Could induction into the NASCAR Hall of Fame be next?

Hendrick is among 20 luminaries up for consideration this Wednesday when the five-inductee NASCAR Hall of Fame Class of 2016 will be voted upon and announced.

Others up for induction include:

Owners: Richard Childress, Raymond Parks and Robert Yates (also for engine builder).

Crew chiefs: Ray Evernham and Harry Hyde.

Drivers: Buddy Baker, Mark Martin, Red Byron, Jerry Cook, Hershel McGriff, Mike Stefanik, Bobby Isaac, Terry Labonte, Larry Phillips, Curtis Turner, Alan Kulwicki and Benny Parsons.

Also: Raymond Fox (race official, team owner and engine builder) and Speedway Motorsports founder Bruton Smith (executive/promoter).
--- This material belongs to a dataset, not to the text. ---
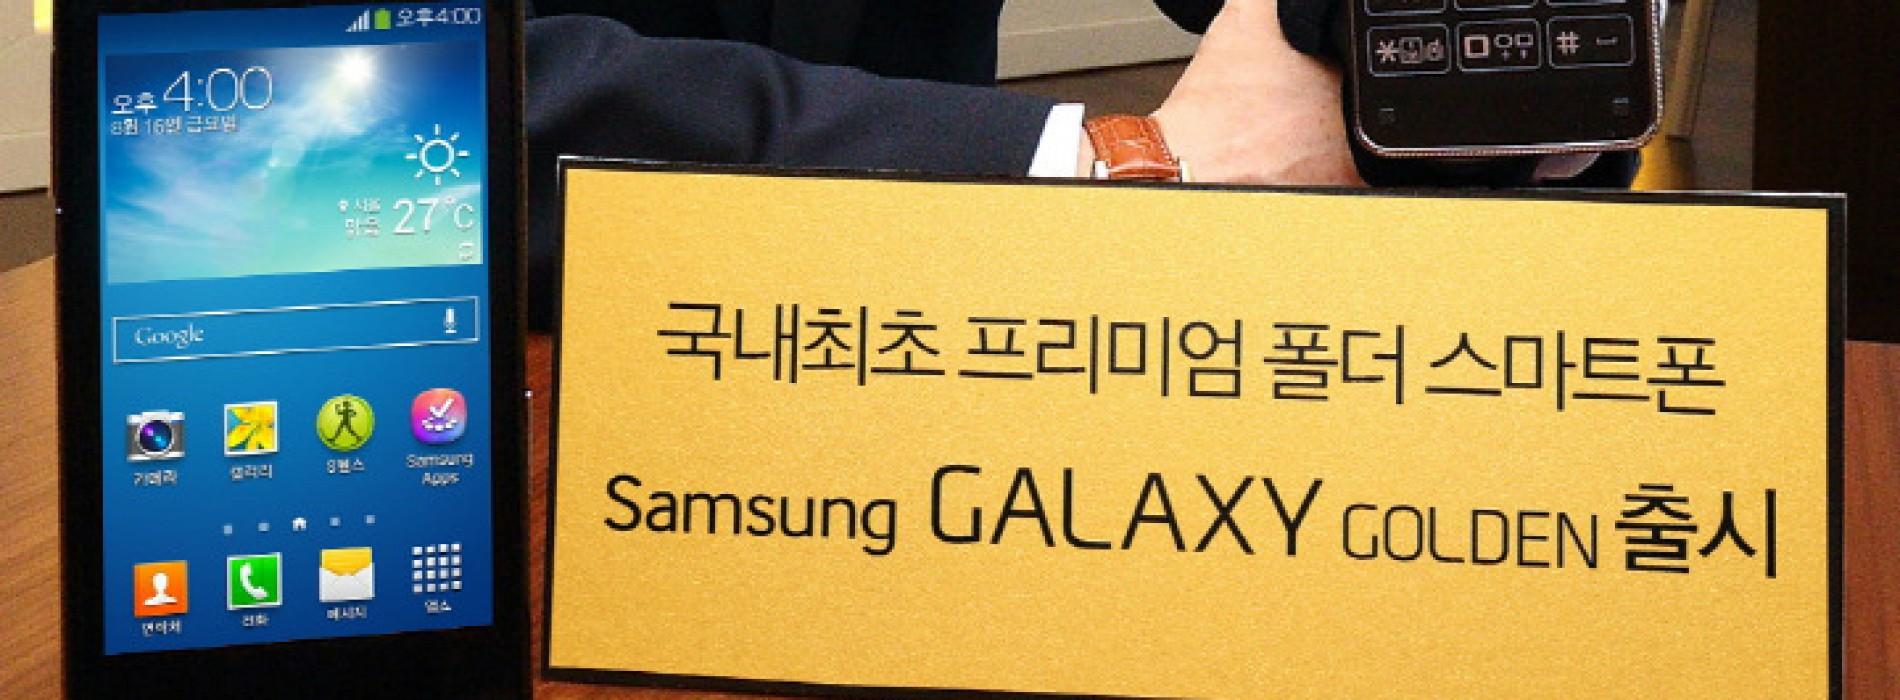 Samsung debuts Galaxy Golden flip phone for Korea

This will be the seventh consecutive year Hendrick’s name has been on the NASCAR Hall ballot.

Hendrick was inducted into the North Carolina Sports Hall of Fame along with nine others: Jeff Bostic, Joe Bostic, John Clougherty, Freddie Combs, Gene Littles, Jerry McGee, Lenox Rawlings, Charlotte Smith and Andrea Stinson.

“It’s such an honor for me to be here tonight,” Hendrick said after being presented for induction by fellow North Carolina Sports Hall of Famer Woody Durham. “Congratulations to all the inductees here tonight.

“I feel kind of humbled, because most of you folks have earned your status on your own. You are great ball players, great referees, and with me, I take a team. I have to rely on a lot of people.”